Script 6-4. parsefile.php Line-by-Line Explanation

LINE

DESCRIPTION

2 9

Define a function, connect(), that is used to establish the connection to the database. Replace the mysql_connect variables with those for your MySQL server.

11 39

Define a function, parse(), that parses the data to extract figure references. Since we may want to hyperlink the figure references to actual figures, we need to parse the data using the ereg() function to look for these figure references in the text. This function takes one argument, $data, which is data that has been read by the main program and established as question data.

12

Allow the $question_num variable to be read by this function.

13

Provide a comment explaining the case that is to follow.

14

If $data matches the ereg() expression, then execute lines 15 17. If not, go on to line 19.

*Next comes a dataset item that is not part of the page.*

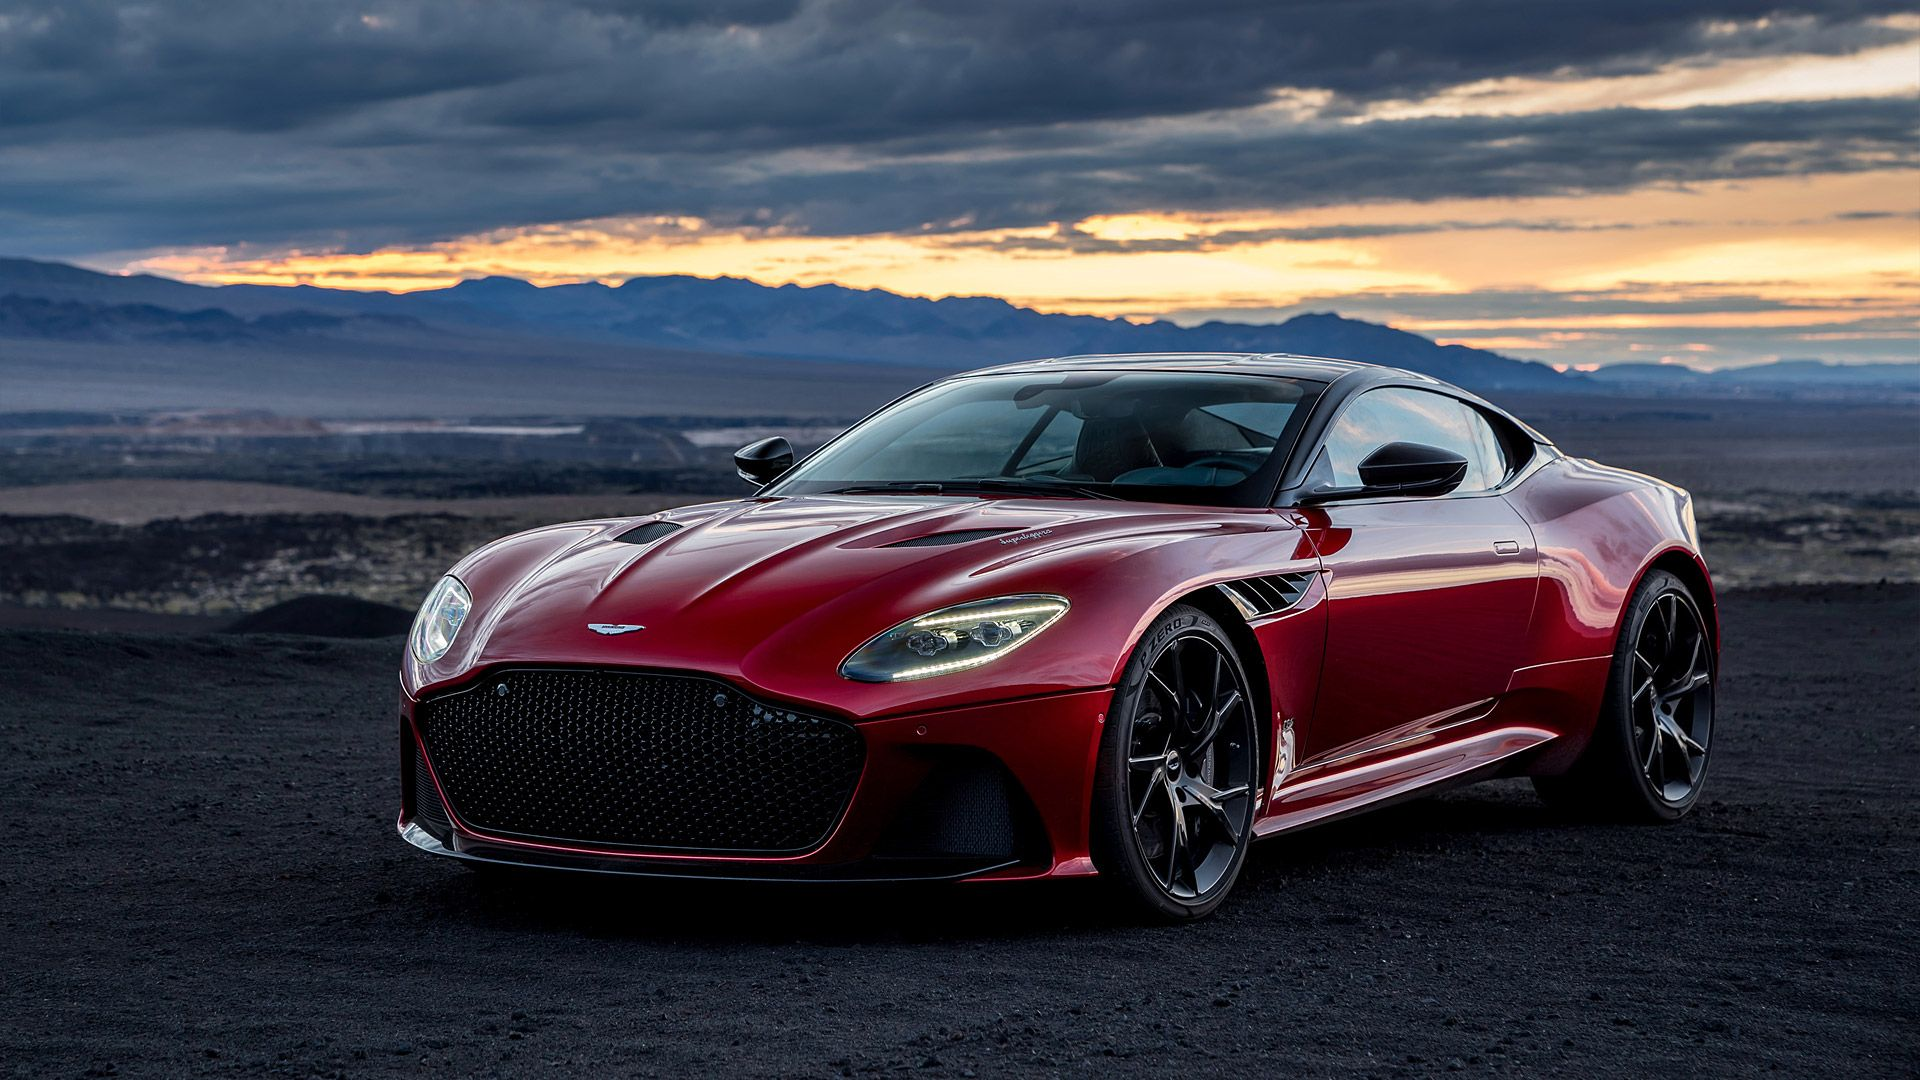 Aston Martin Dbs Wallpapers Top Free Aston Martin Dbs

This line tries to match the data that has a reference to a figure. Since the text is inconsistent in how it labels figures, we need to use a regular expression match that takes into account several variances found in the text. The regular expression matches against the following (where # is any range of numerals):

  • (Refer to figure #.)

  • (Refer to figure #)

  • (Refer to figure #).

Notice also that we use the $regs argument to the ereg() function. The $regs argument, when used with ereg(), causes ereg() to return any matches that occur in the parentheses of the ereg search as items in the $regs array. For example, if the text was "(Refer to Figure 8). How many licks does it take to get to the center…", then ereg() would return the following:

  • $regs[0] = "(Refer to Figure 8.) How many licks does it take…" //the complete match

  • $regs[1] = "(Refer to figure "

  • $regs[2] = "8"

  • $regs[3] = ".)"

Nothing else is returned, because we did not specify anything else within parentheses in the ereg() expression.

15

Since the ereg() function matched on line 14, this line separates the figure reference from the actual question. The preg_split() function, as noted earlier, works like explode(). In this case, it takes the match above and "explodes" it so that $data is broken into two parts. The first part is the figure reference, and the second part is the actual question. If we follow the example of $data being "(Refer to Figure 8.) How many licks does it take…", then this line would create an array with two items:

  • $data2[0] = "(Refer to Figure 8.)"

  • $data2[1] = "How many licks does it take…"

16

Place the figure reference into the database using the $question_num variable as a pseudo-foreign key.

17

Return the actual questions, sans the figure reference, back to the main program. Since file() breaks the text file into an array based on each line, it is possible that the question spans more than one line, and that a line is only a fragment of the question. The main program concatenates the question parts from each line into a full question and later places the full question into the database.

18

Provide a comment explaining the case that is to follow.

19

This case is much the same as the previous, only it tries to match against questions that have multiple figure references, for example:

  • (Refer to figures # and #)

  • (Refer to figure # and figure #)

  • (Refer to figures #, and #)

Since the text has, at most, two figures per question, we need to extract both of the figure numbers to place in the database. Again we use the $regs argument to ereg(), and by carefully grouping the regular expression with parentheses, we know that the figure number will be found in the second and fourth groupings, $regs[2] and $regs[4].

20

As before, we need to split the text to remove the figure reference from the actual question, using the same regular expression as in the previous line for the split.

21 22

Place the multiple figure references in the database.

23

Return the actual question portion of the data back to the main program for further processing.

24

Provide a comment explaining the case that is to follow.

25

If you looked at the text file, you may have noticed that some questions with figure references also have a specific area of the figure that was to be referenced. This ereg() function takes these area references into account.

26

Split the text to extract the actual question portion.

27

Place the figure reference into the database, along with the area reference to the figure.

28

Return the question to the main program.

29

Provide a colorful comment explaining the case that is to follow.

30

Finally, we take into account multiple figures that include areas, with an odd semicolon or comma thrown in for good measure. This ereg() function matches against text such as the following:

  • (Refer to figure #, area A; and figure #)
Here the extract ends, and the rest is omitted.